Important details

A list a miscellaneous details, some of them are related to data handling and other to details of methods at different steps of the chain.

Multi segments

Many recording are split into several “Segments”. Segment here refer to the neo meaning.

This is because the protocol has been recorded in several pieces.

There are several cases:
  • each file corresponds to one segment
  • on file has internally several segments. For instance Blackrock. Because you can make a pause during recording the same file.
  • several files that themselves contain several segment. Outch!!

Tridesclous use neo.rawio for reading signals. In neo, reading signals from segments is natural so this notion of segment is the same in tridesclous.
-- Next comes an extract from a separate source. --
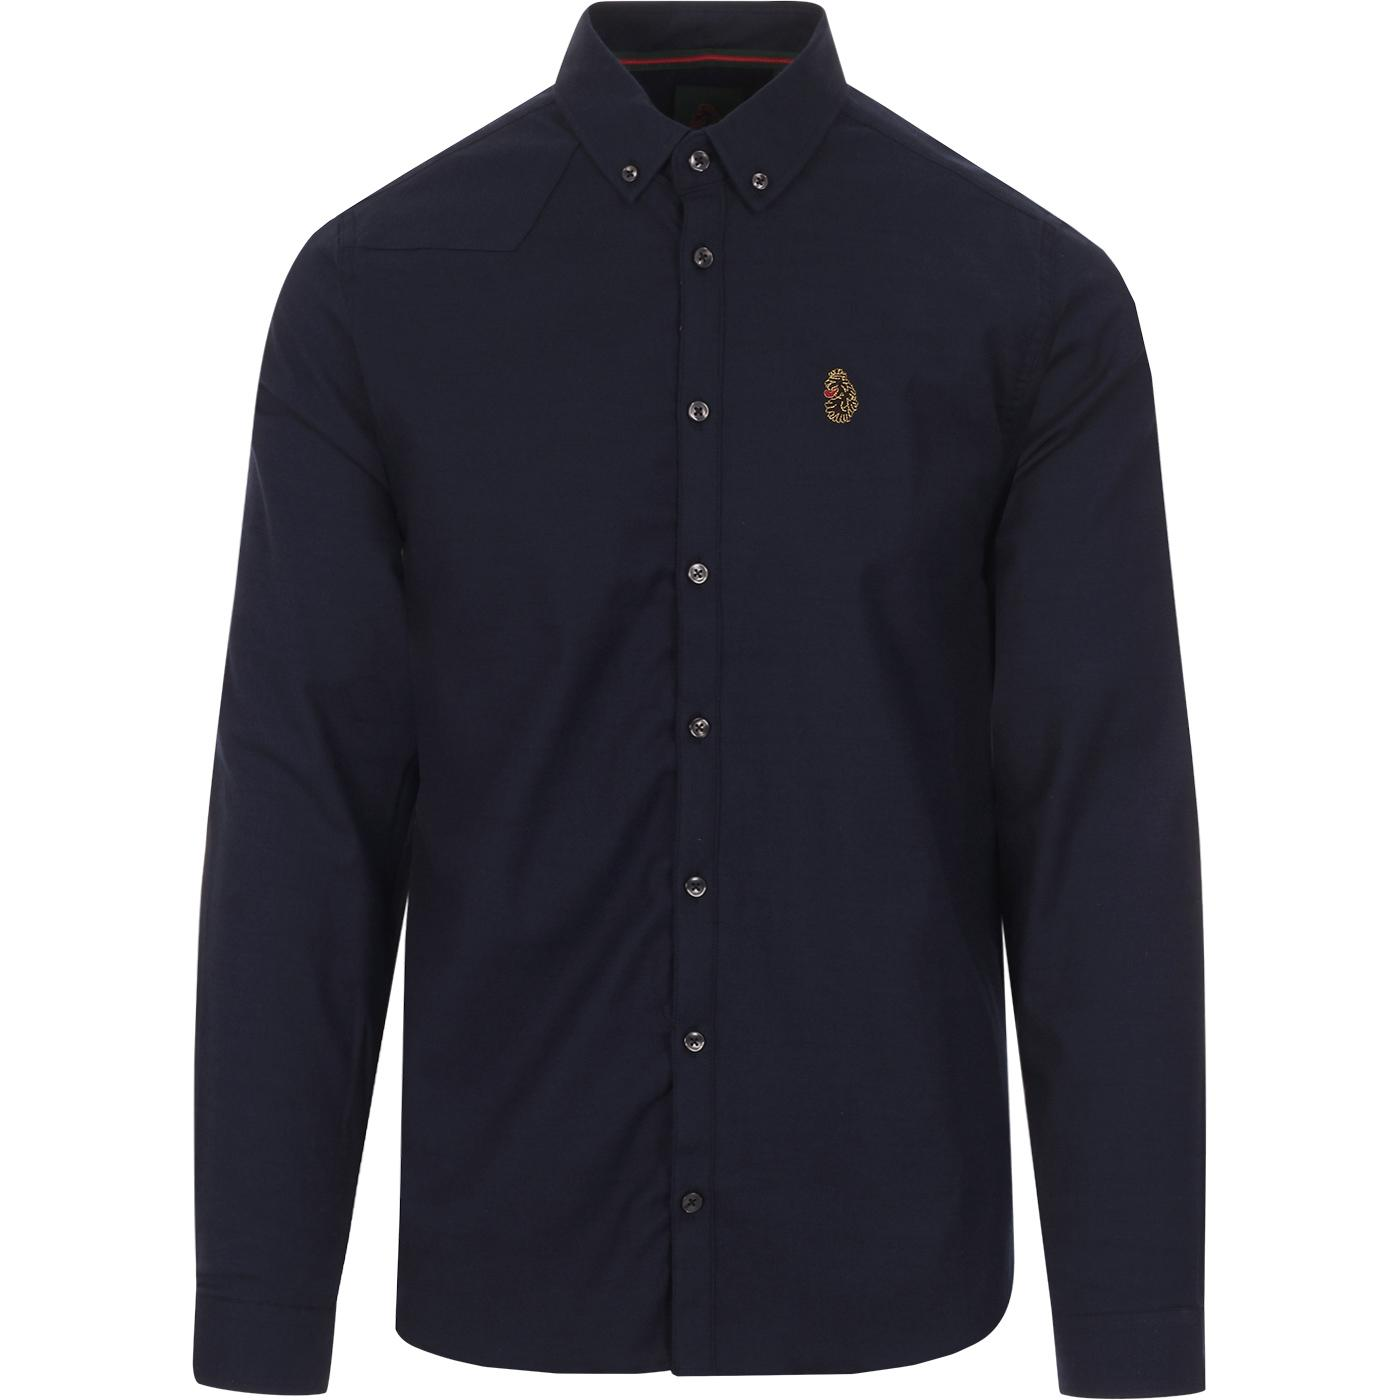 Cuftwill LUKE Mod Tailored Fit Button Down Shirt
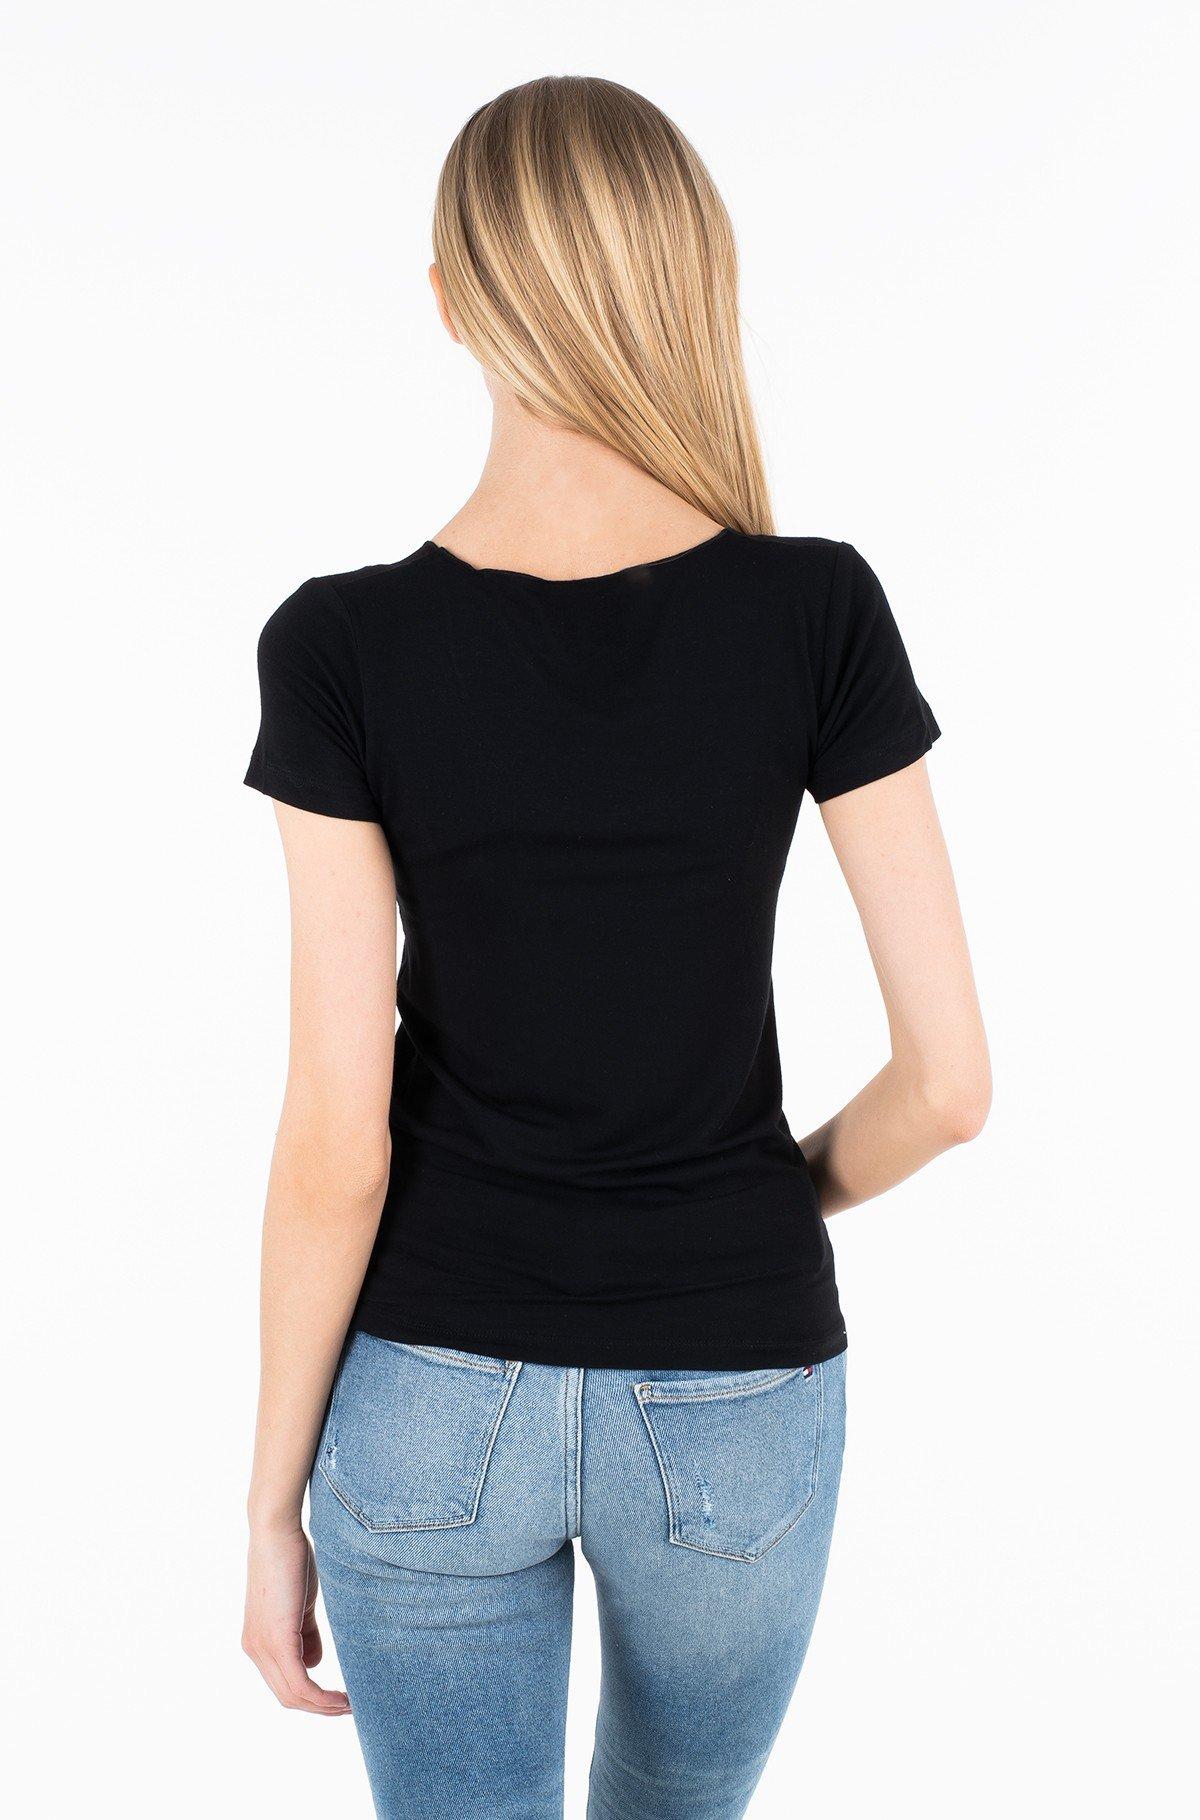 Marškinėliai DONNA/PL504053-full-2

This means that you can feed tridesclous with a list a files (with same channels maps of course) and tridesclous will generate them as a list of segment naturally.

Note that the raw file should store the data in this order: t0c0 t0c1 t0c2 t0c3… t1c0 t1c1 t1c2 t1c3 where t{i}c{j} is sample no. i on channel no. j. Thus if the data is loaded in a 2D numpy array x where each row is the time series data from one channel, you can save it in a raw file with this code: x.T.tofile(filename).

Channel groups, geometry and PRB file

There several situation when you want use channel_group:
  • The probe have several shank and you want do do the spike sorting indenpendently on each shank
  • Only a subset a channels are used.
  • There are dead channels
  • The dataset is several tetrode (N-trode) and so several channel group.

Tridesclous manage theses channel_group globally, this means that with same DataIO.

But you will need to construct a catalogue for each channel_group and run the Peeler for each channel_group. Of course, you can compute each group in parallel if you have enough resources to do it (CPU, RAM, GPU).

If you use probe you naturally know the “geometry” of the probe. For handmade tetrode, you don’t know the geometry.

PRB files are simple files easy to edit with a text editor and where introduced in klusta. There are also used in spyking-circus and certainly in other toolbox.

This files describe both “channel_group” and there “geomtery”. Klusta also needs “graph” but it is ignored in tridesclous.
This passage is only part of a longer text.